■ DATASET:

"""

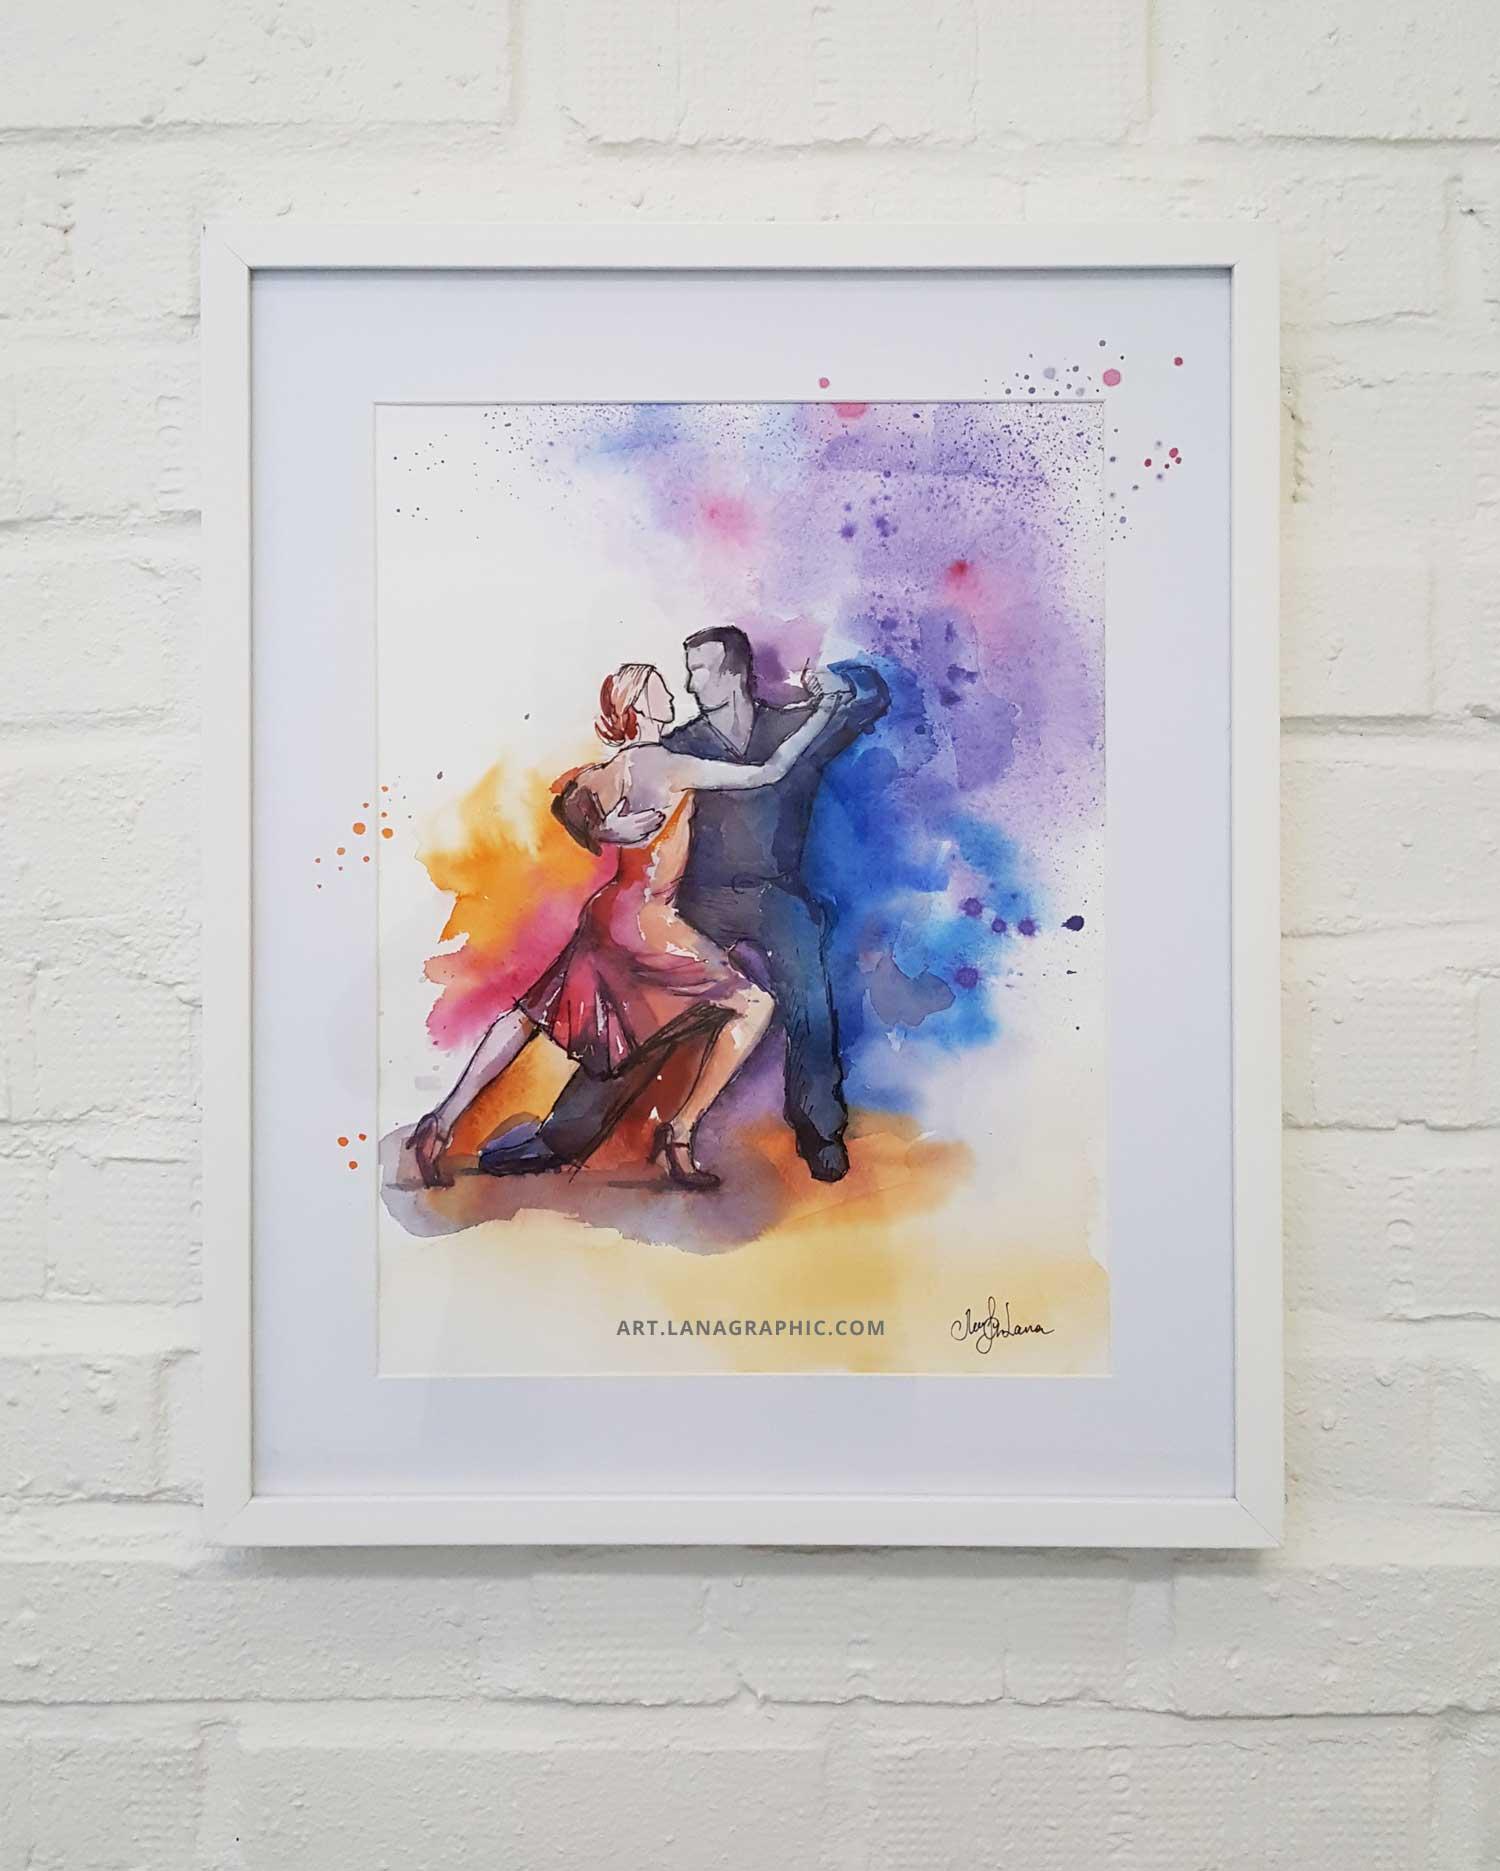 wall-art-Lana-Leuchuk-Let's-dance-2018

"""
"""

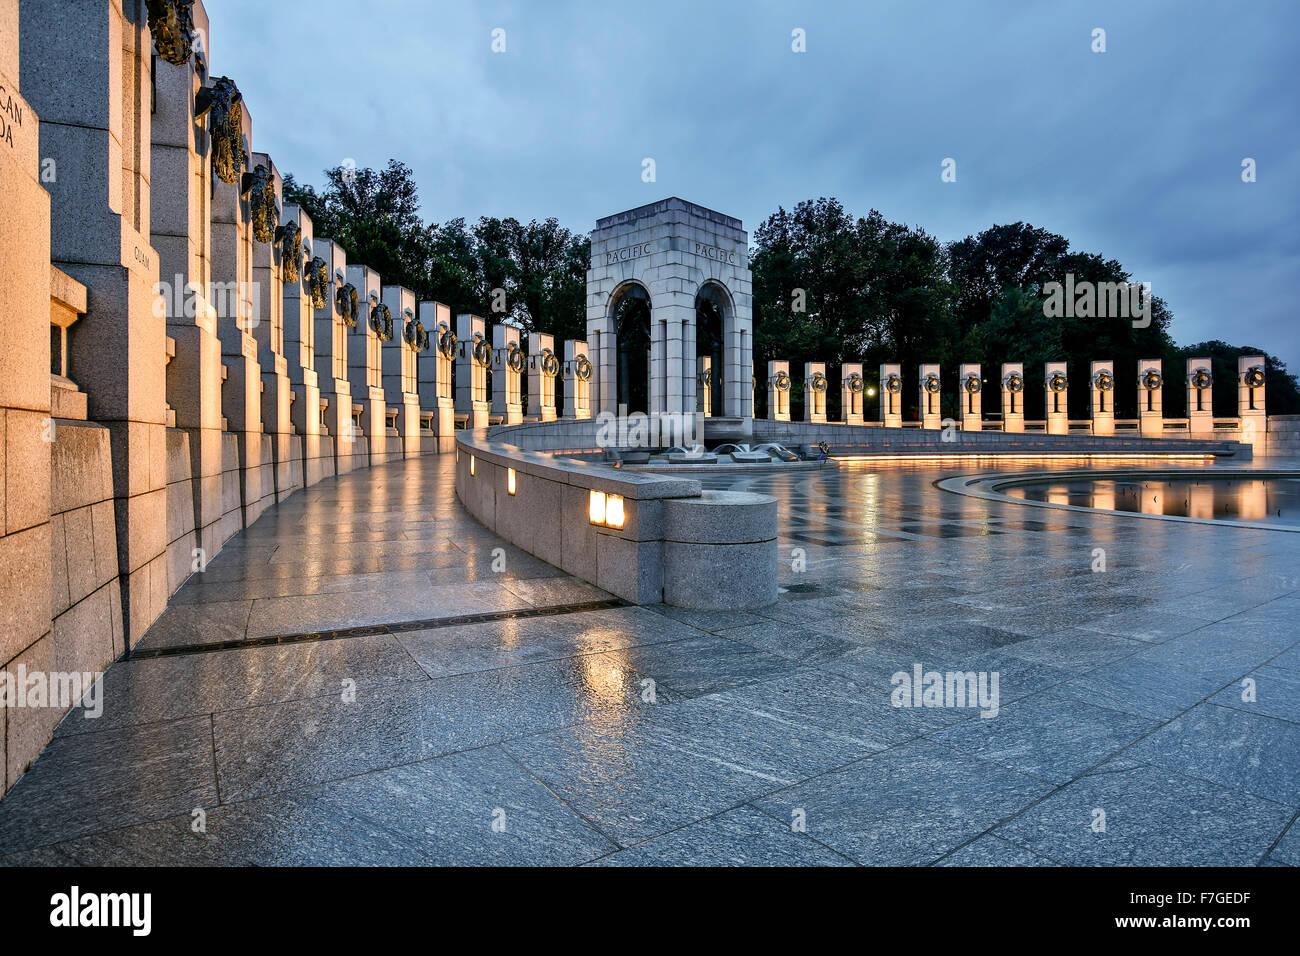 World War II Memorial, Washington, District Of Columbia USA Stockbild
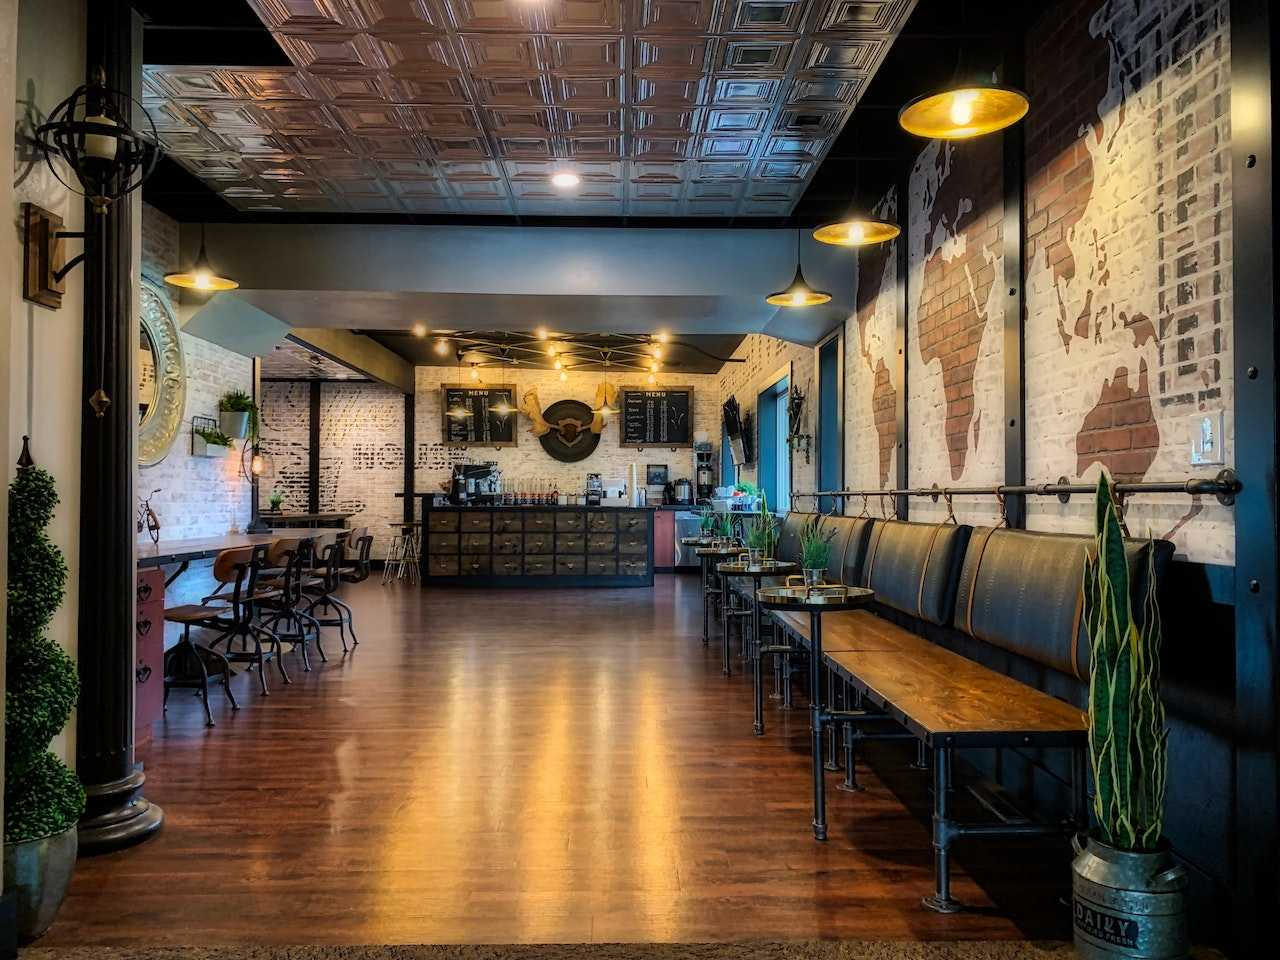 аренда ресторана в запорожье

"""
"""

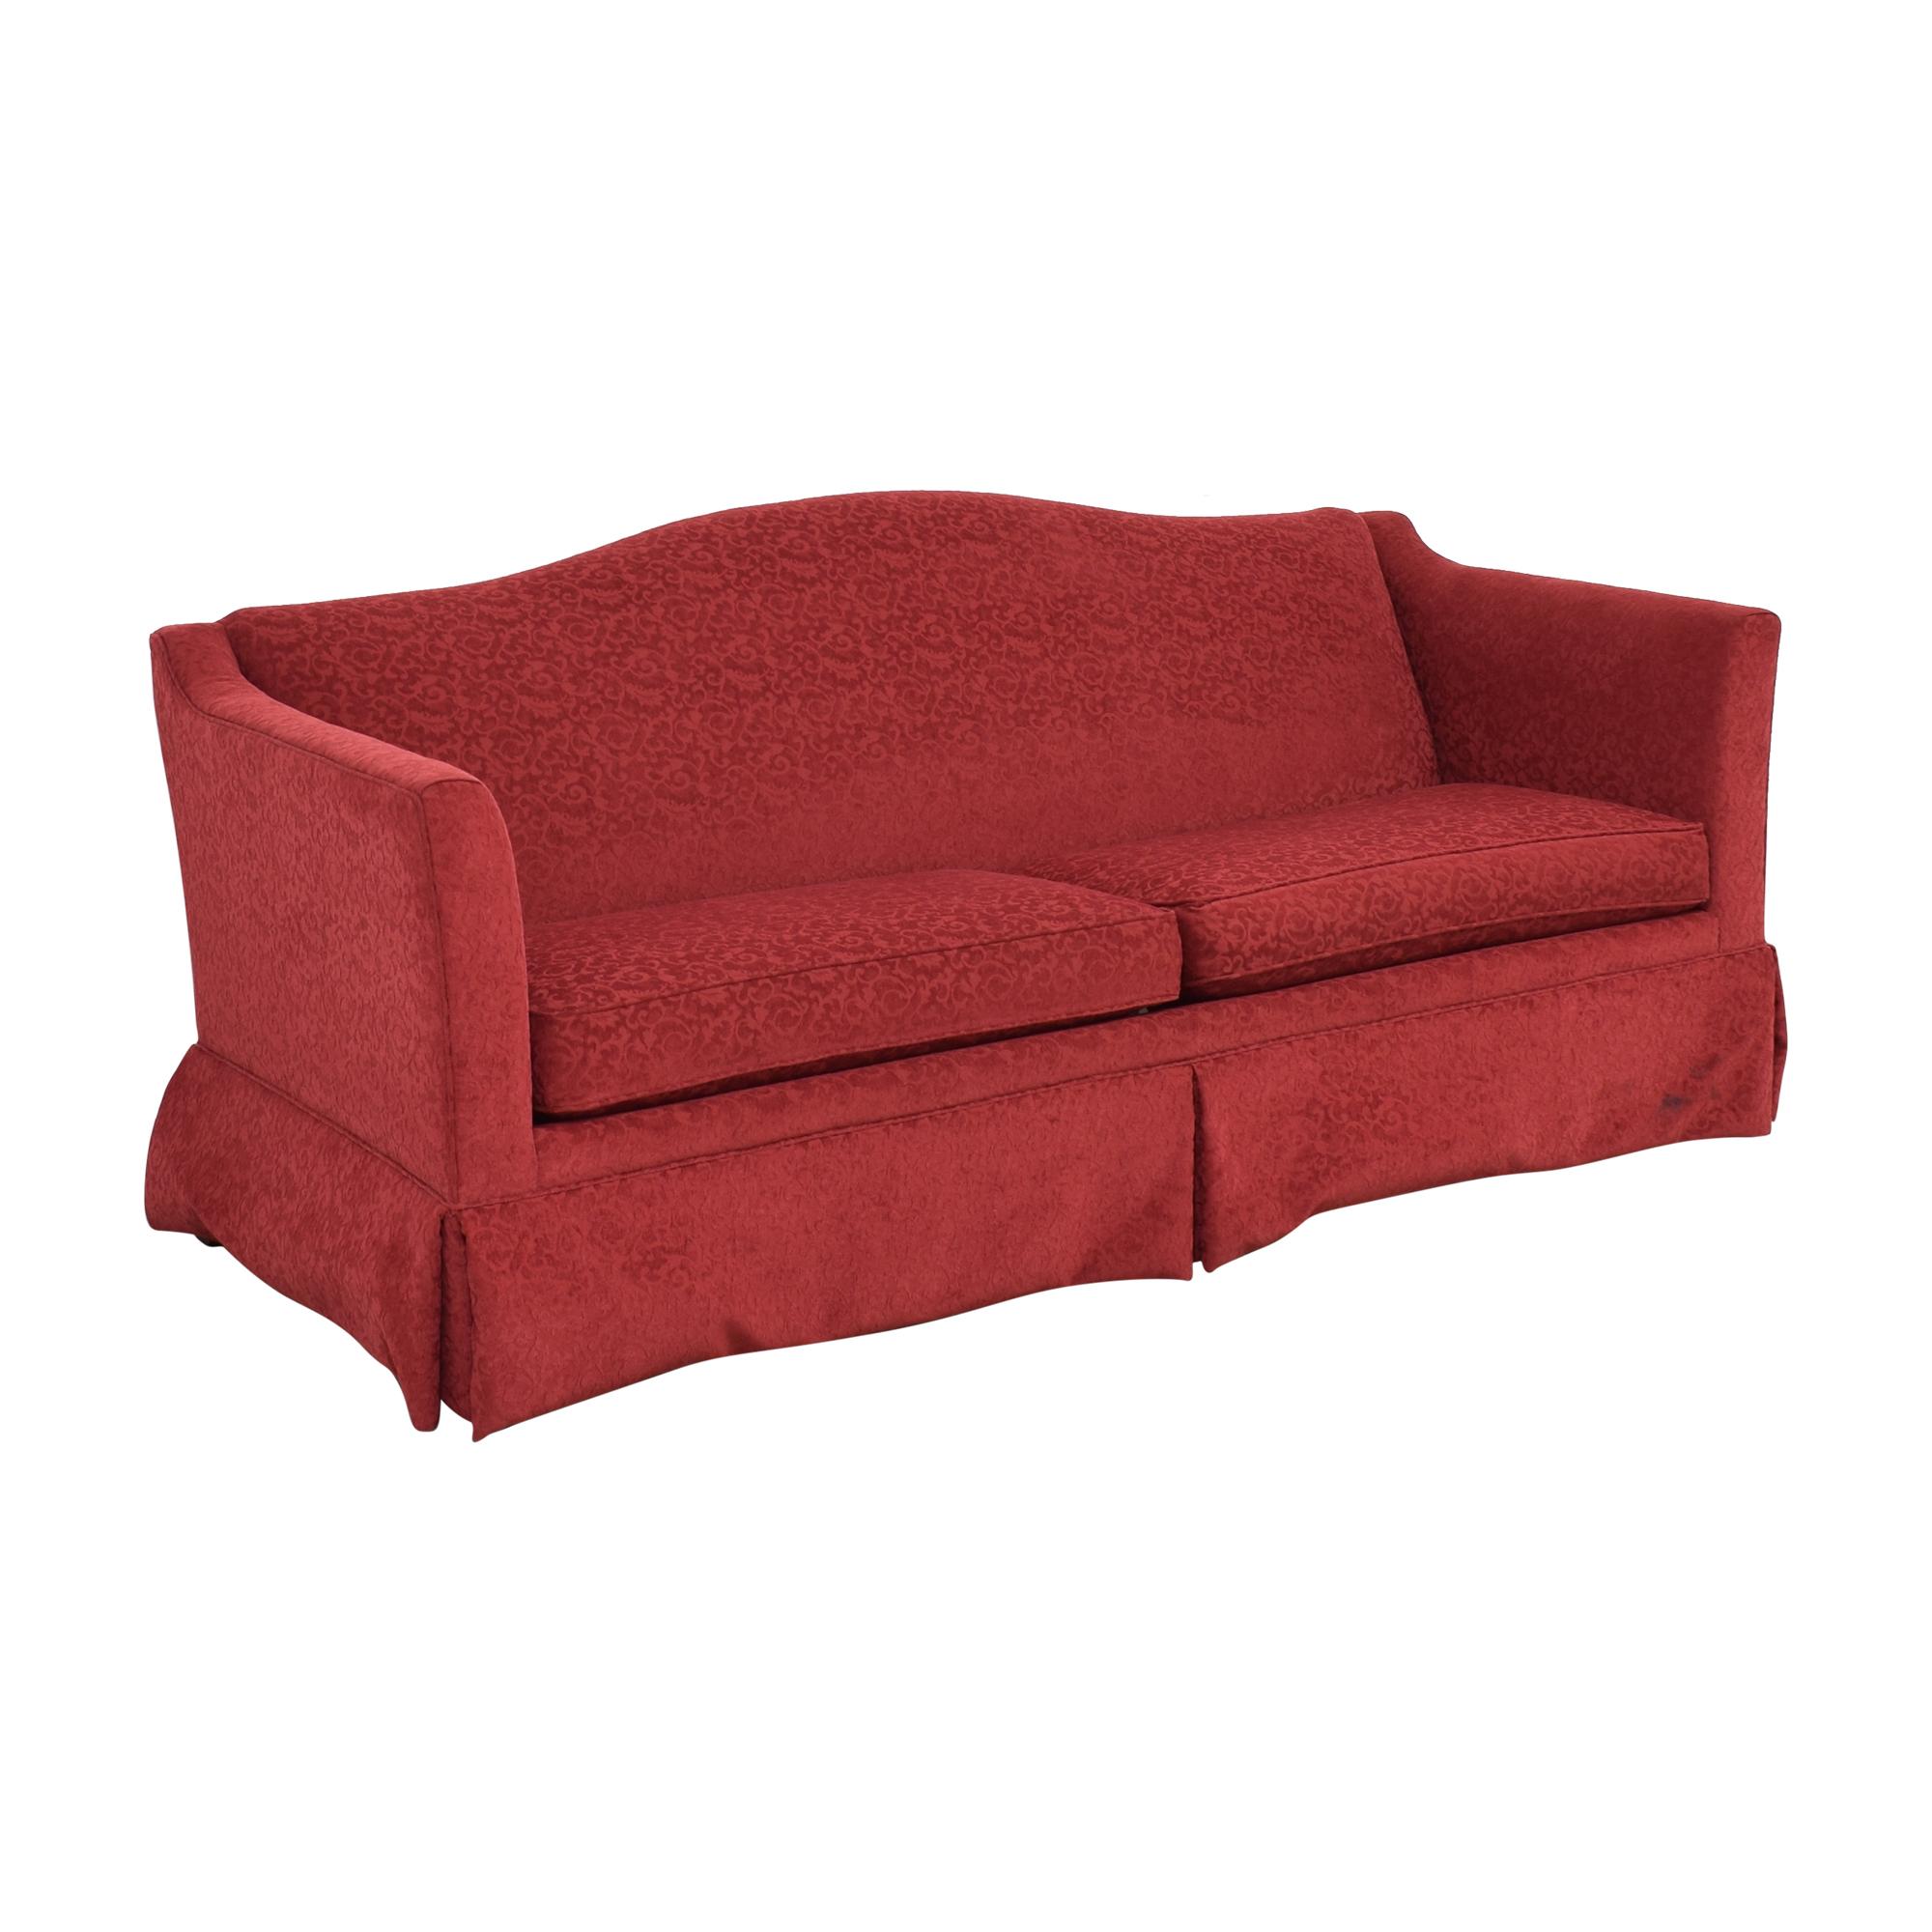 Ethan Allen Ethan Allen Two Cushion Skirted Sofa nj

"""

Reproduce the lines above starting at the one with "World War II" and ending at the one with "аренда ресторана в запорожье", both included, exactly and with no pictures.

 World War II Memorial, Washington, District Of Columbia USA Stockbild
 аренда ресторана в запорожье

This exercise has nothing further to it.